For my part, I candidly own I felt more inclined to sympathise with the wife than with her husband; but the music-hall is bound to stand up for drinking, for it is by drinking that it lives. If people cared for music and the drama, they would go to the theatre; but that declines, and the music-hall flourishes. Astley’s Theatre is a case in point. That has been an old favourite with the public. At one time, I should imagine, few places paid better—does not Ducrow sleep in one of the most magnificent monuments in Kensal Green, and did he not make his money at Astley’s?—but now there are two flourishing music-halls one on each side of Astley’s, and as I write I see one of the proprietors, as a plea why he should be given more time for the payment of a debt, admits that sometimes they lose at Astley’s as much as forty pounds a week. If Astley’s is to be made to pay, evidently the sooner it is turned into a music-hall the better.

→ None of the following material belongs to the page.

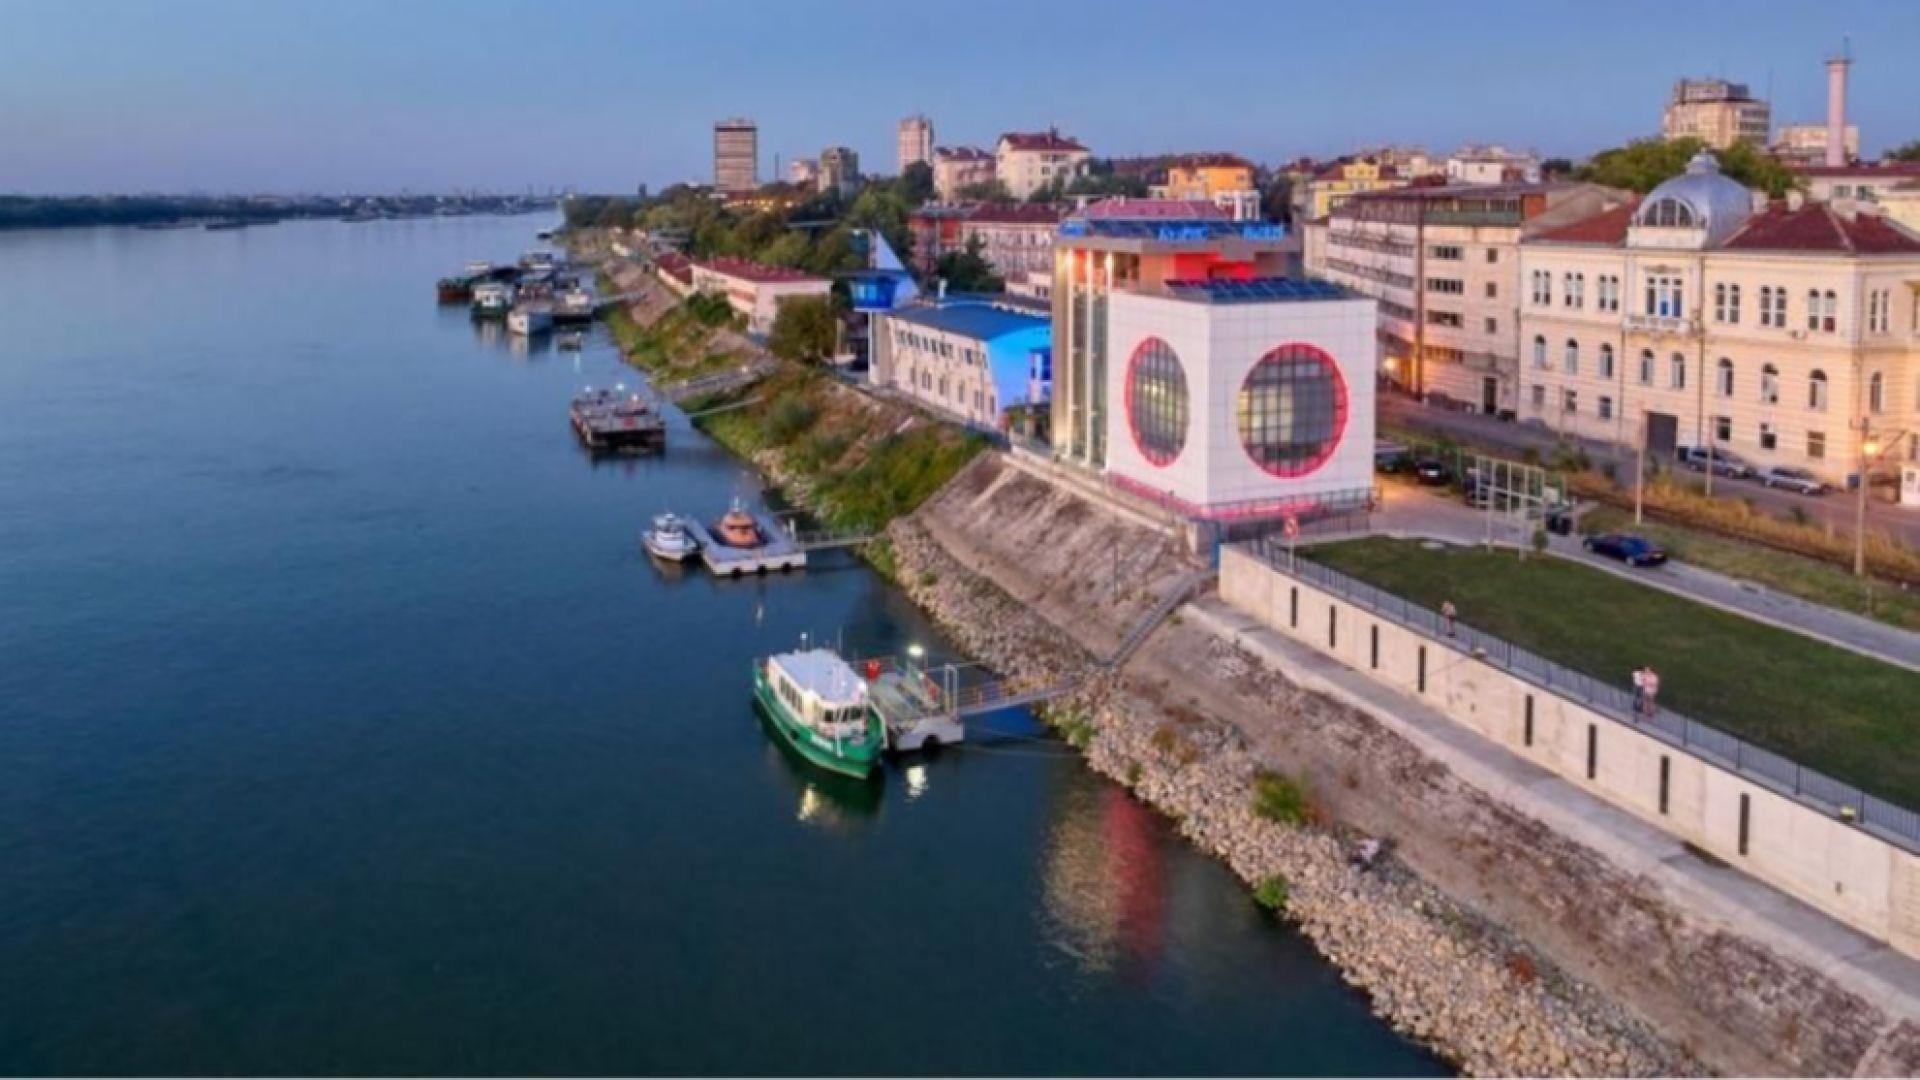 Корабоплаването по Дунав се съживява след пандемията

Will the London School Boards raise the character of the future public? is a question to be asked but not to be answered in our time. The real fact is that amusements have a deteriorating effect on the character of those who devote themselves to them, and become more frivolous as they become more popular. This is the case, at any rate, as regards music-halls. A gentleman the other day, as we were speaking of one of the most successful of them, said how grieved he was on a visit to it lately to see the generally lowered tone of entertainment. At one time the attempt was made to give the people really good music, and there were selections of operas of first-rate character. Now all that is done away with, and there is nothing but silly comic singing of the poorest kind.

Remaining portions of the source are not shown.